Check if the parentheses (), square brackets [] and curly brackets {} of a piece of C language code match.
Input format:
Enter a section of C language code in one line, the length does not exceed 1000 characters (the line ends with a newline character).
Output format: The
first line outputs the number of left parentheses and the number of right parentheses, separated by a space.

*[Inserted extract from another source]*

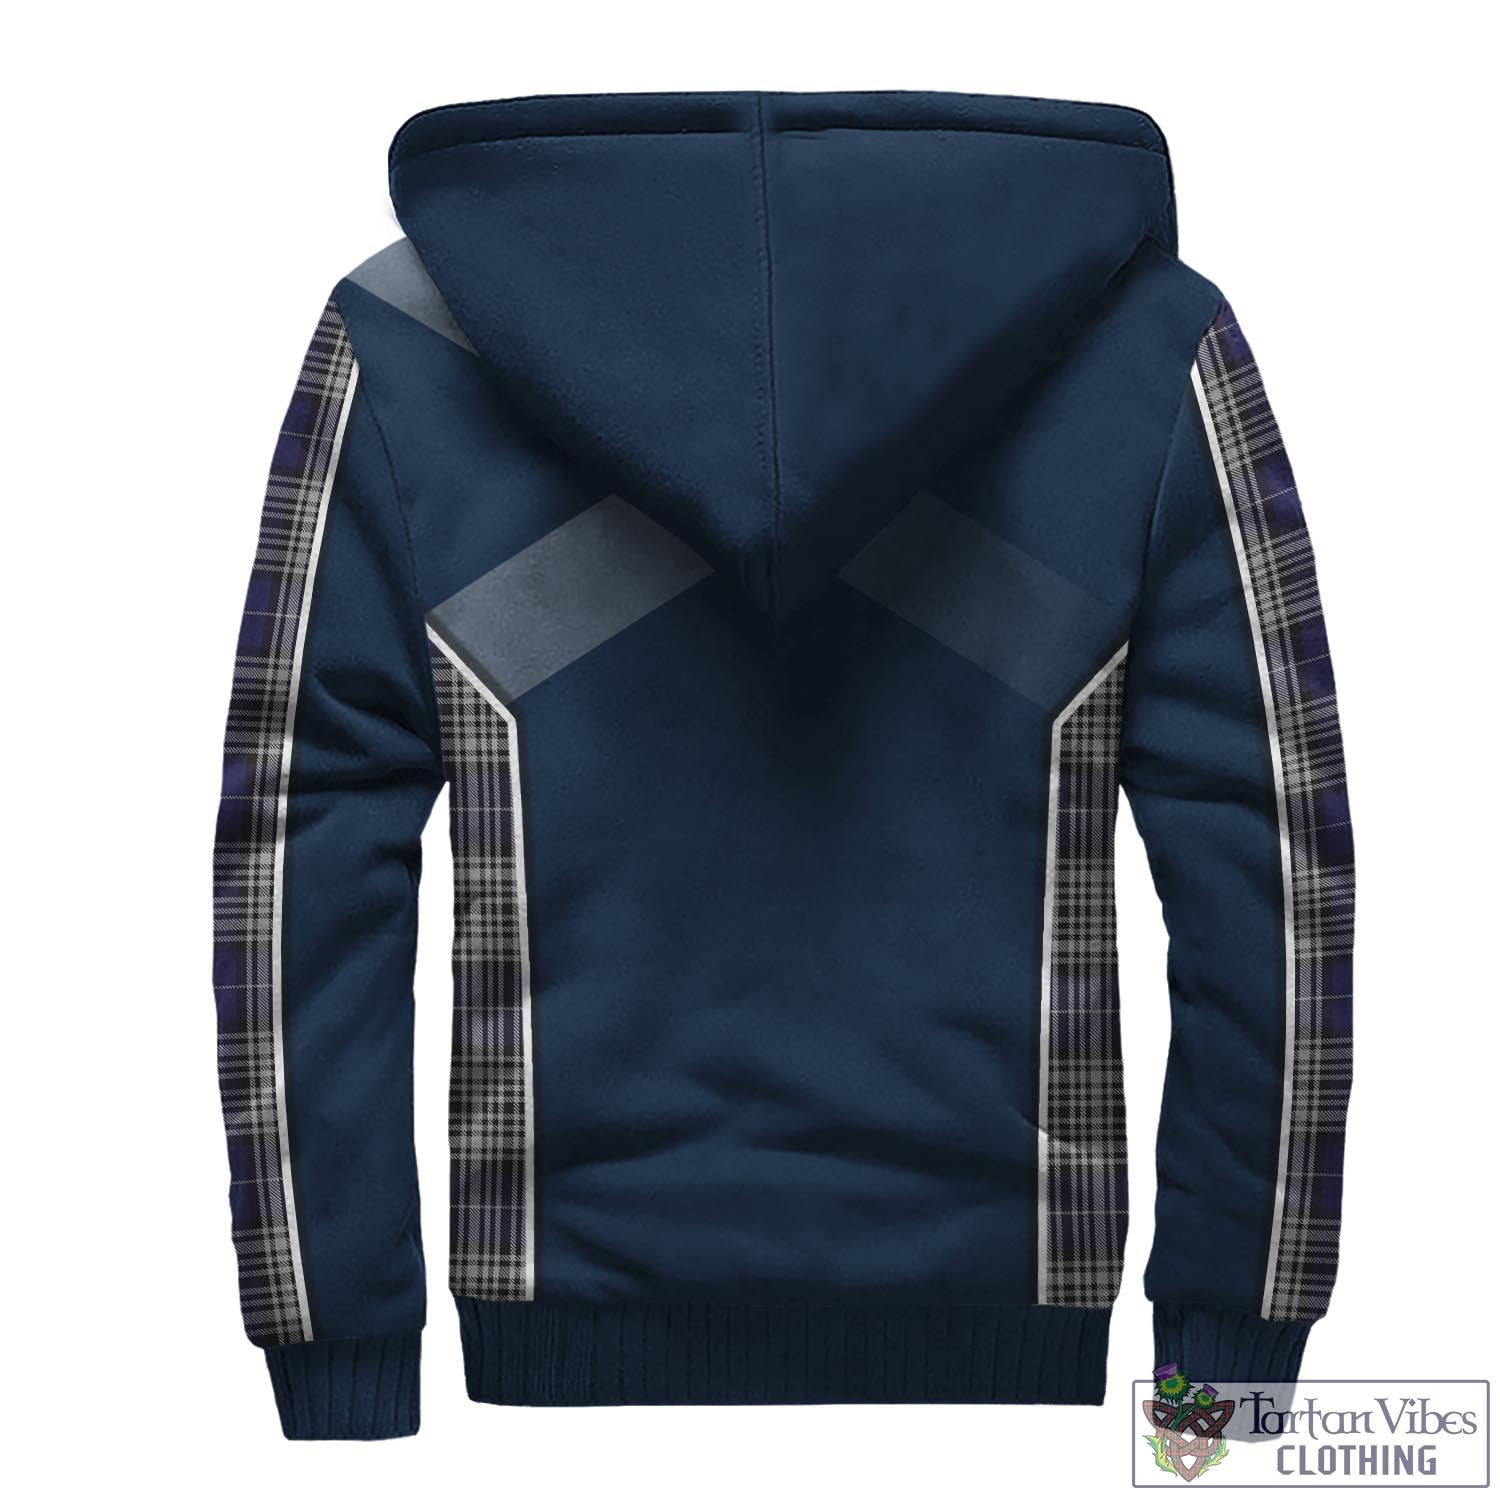 Tartan Vibes Clothing Napier Tartan Sherpa Hoodie with Family Crest and Scottish Thistle Vibes Sport Style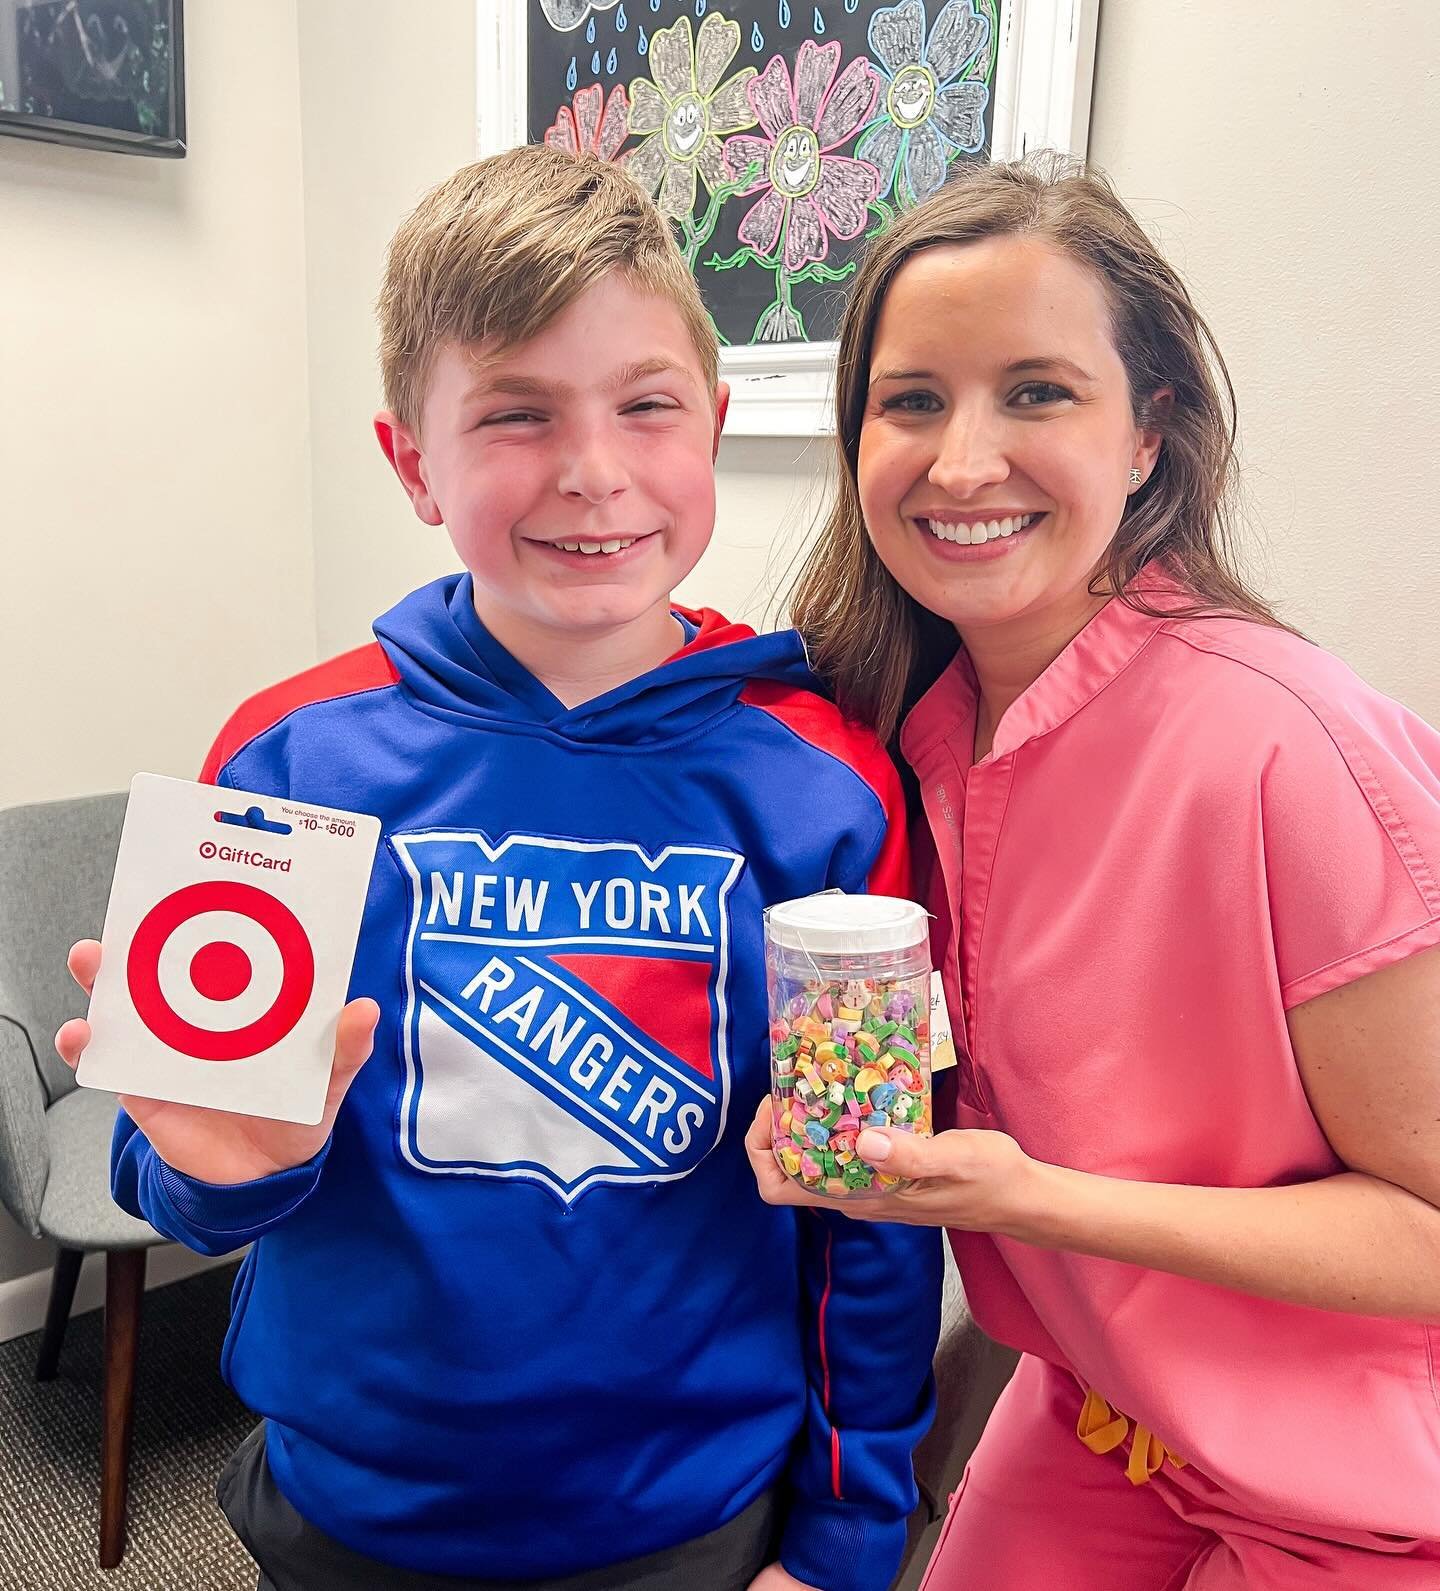 Lucas was our spring contest winner!! 297 erasers were in the jar and he guessed the exact number! Way to go Lucas! Happy Shopping! #hollywoodsmiles #hollywoodstars #npd #nutleypediatricdentistry #targetgiftcard

If the brackets match, print YES on the second line, otherwise print NO.
Input example 1:
for(int i=0; i<v; i++){
visited[i] = 0; for(int j=0; j<v; j++) scanf("%d",&(g->Adj[i][j])); }
Output example 1:
8 8
YES
Input example 2:
for(int i=0; i<v; i++) a(i]=0;
Output example 2:
2 2
NO
At the beginning, it has been 16 points/14 points. The reason is the YES and NO problems. It is necessary to ensure that flag and cnt1=cnt2. If cnt2 = 0, then flag=true, which is equivalent to output YES in the end, which is obviously wrong.
#include <iostream>
#include <stack>
#include <string>
using namespace std;
int main() {
string s;
getline(cin, s);
int cnt1 = 0, cnt2 = 0;
stack<char> st;
bool flag = true;
for (int i = 0; i < s.length(); i++) {
if (s[i] == '(' || s[i] == '[' || s[i] == '{') {
st.push(s[i]);
cnt1++;
} else if (s[i] == ')') {
cnt2++;
if (!st.empty() && st.top() == '(')
st.pop();
else
flag = false;
} else if (s[i] == ']') {
cnt2++;
if (!st.empty() && st.top() == '[')
st.pop();
else
flag = false;
} else if (s[i] == '}') {
cnt2++;
if (!st.empty() && st.top() == '{')
st.pop();
else
flag = false;
}
}
cout << cnt1 << " " << cnt2 << endl;
if (flag && cnt1 == cnt2)
cout << "YES";
else
cout << "NO";
return 0;
}